Слушай, а не купить ли нам на эти доллары самогонки? – Розовое на закате лицо озаряется радостью.
Я засомневался: какой самогонщик сможет разменять сто долларов?
Старик уходит в дом и возвращается с российской сторублевкой, несет ее, зажатую двумя пальцами, и она колышется, как флажок. – Вот, нашенская!

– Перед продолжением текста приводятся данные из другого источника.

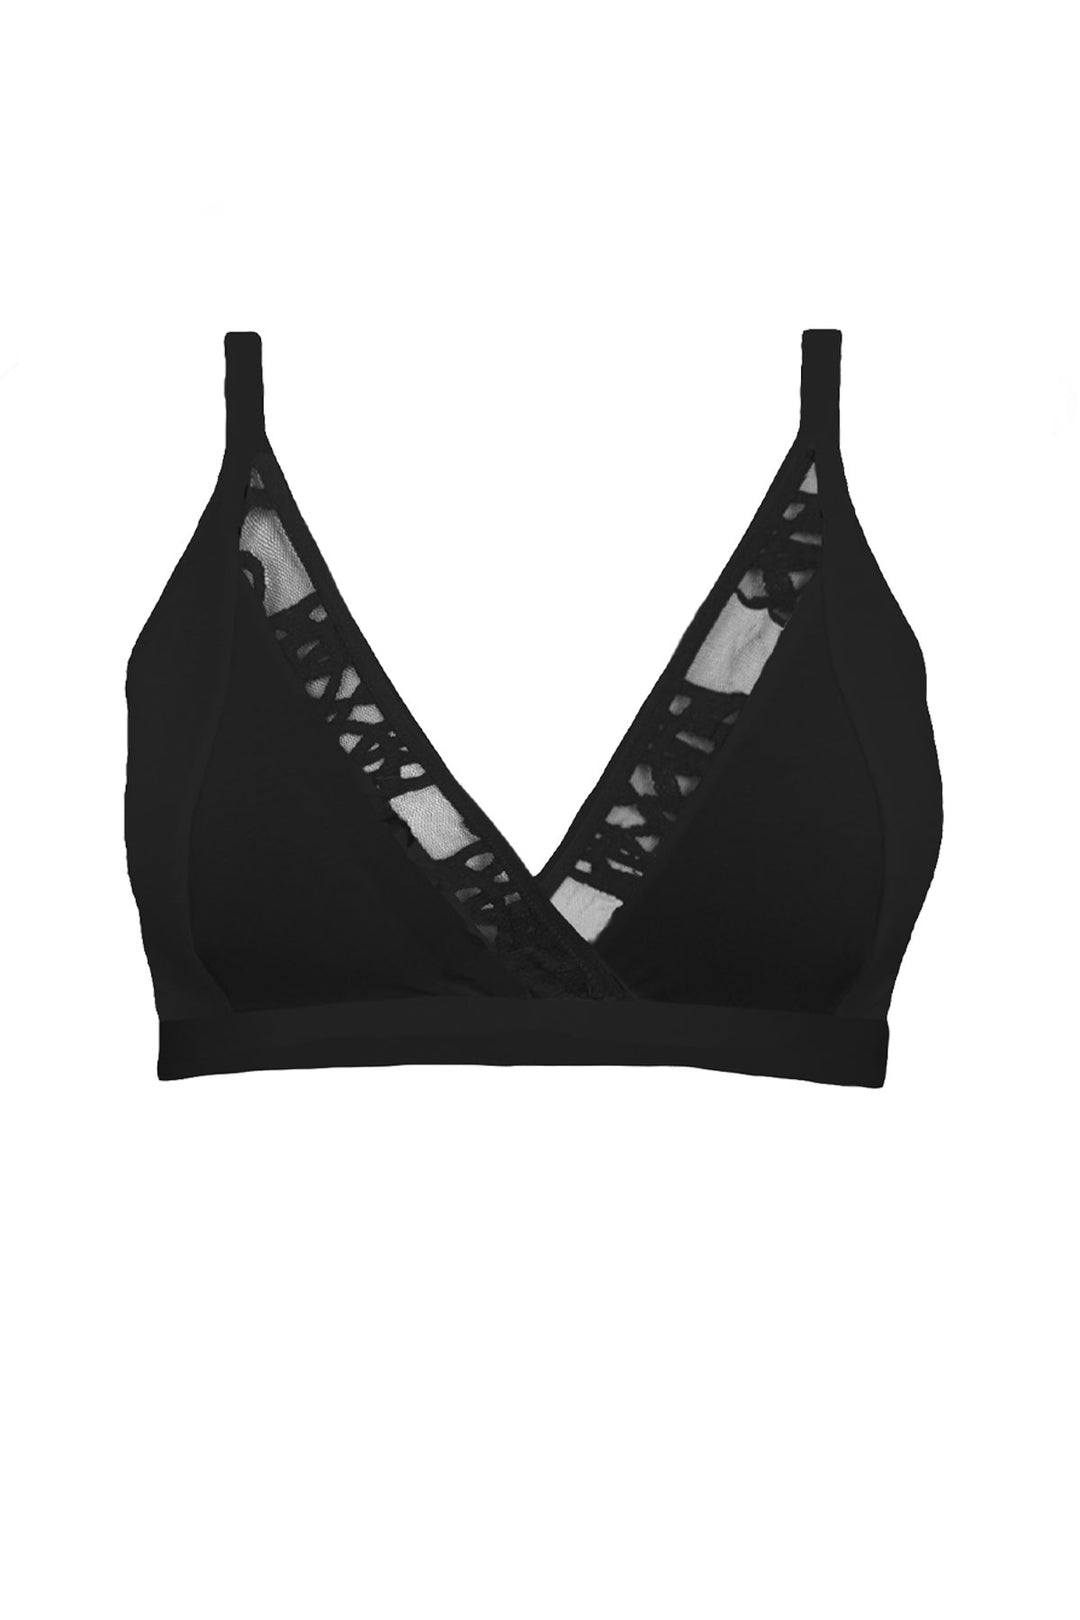 black bra, black lace trim soft cup bra for large breasts, wireless support

В райцентре, под алым шатром заката, возникает бухающий ритм дискотеки, мы оба вздрагиваем.
Прохор Самсонович в последнее время из спиртного предпочитает самогонку. Водка, дескать, стала “жульническая”, от нее по утрам плохо. А самогонка напоминает о прошлых временах – много ее, матушки, выпито!

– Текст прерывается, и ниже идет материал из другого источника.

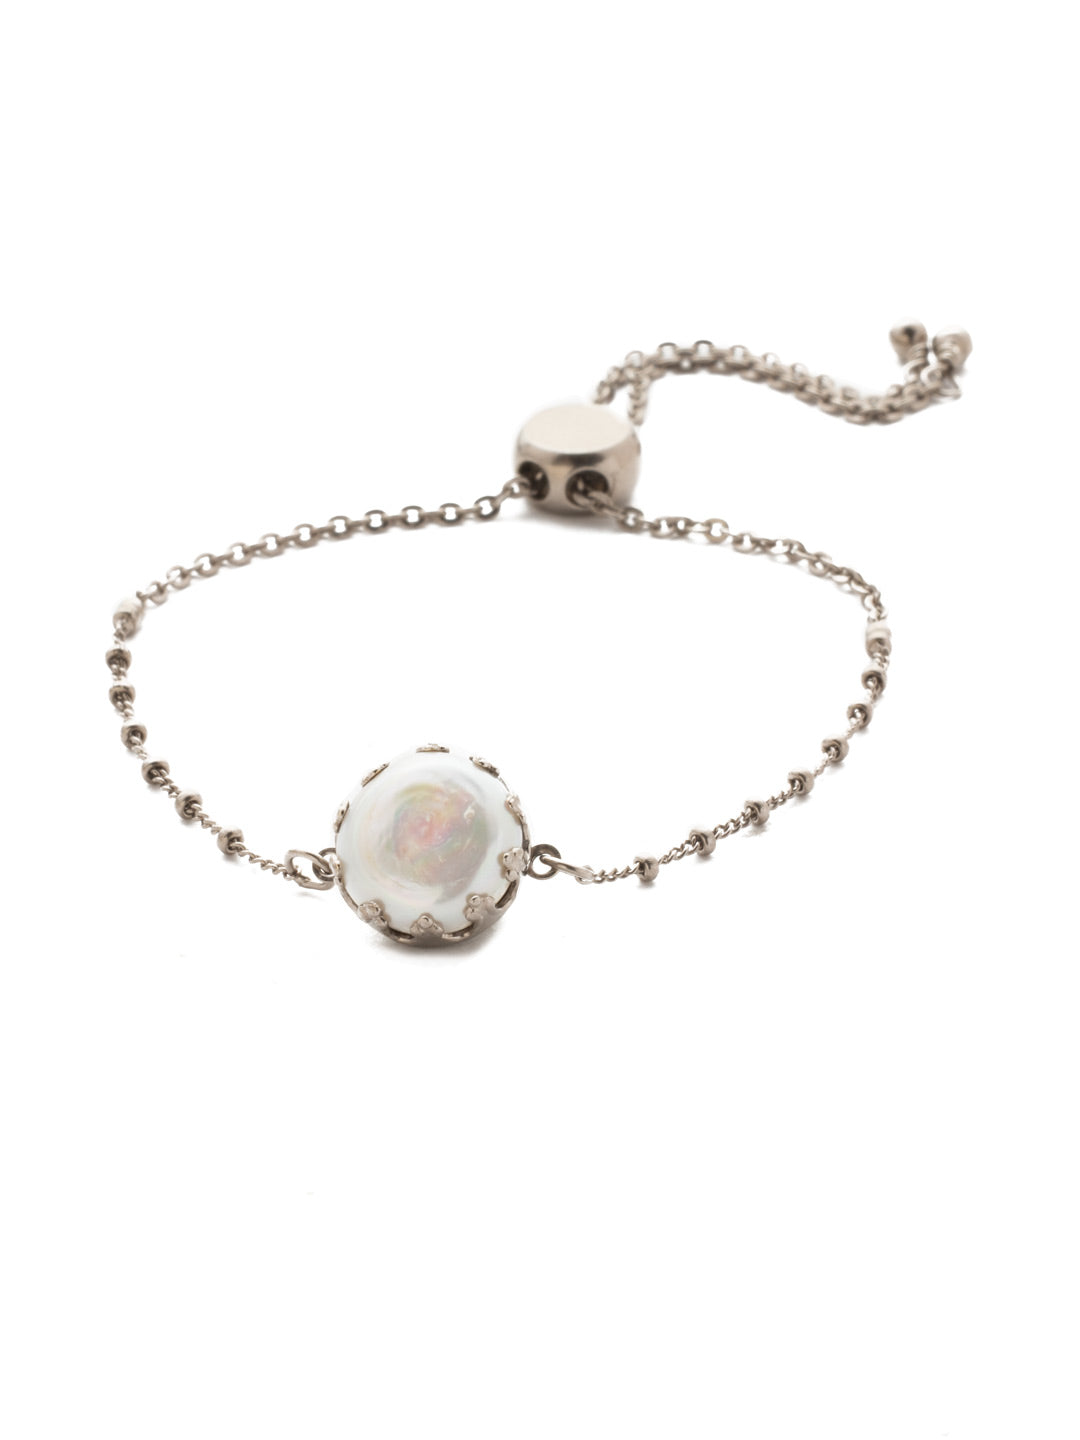 Delaney Slider Bracelet - BEN35ASSTC - <p>The Delaney Slider Bracelet is a classic. Anchored by an exquisite freshwater pearl, and paired with delicate metal detail, it's a stand-out everyone will love. From Sorrelli's Storm Clouds collection in our Antique Silver-tone finish.</p>

Иду к Гене по прозвищу Дёрганый, сорокалетнему инвалиду. Гена болен с детства, походка у него “ломаная”, движения как у робота. К нему можно стучаться в любое время суток, с пустыми руками не уйдешь.
Дверь террасы открыта, на газовой плите жарятся караси, обвалянные в муке, масло вскипает пузырями. Молчаливая сожительница, наклонив пухлое, с “фингалом”, лицо, переворачивает карасей лопаткой, они шкворчат еще пронзительнее.
Гена Дёрганый сидит за столом, перед ним миска парящей рыбы. Он с хрустом отламывает румяный плавник, вопросительно смотрит на меня.
Щеки его лоснятся от жира, на столе груда рыбьих костей.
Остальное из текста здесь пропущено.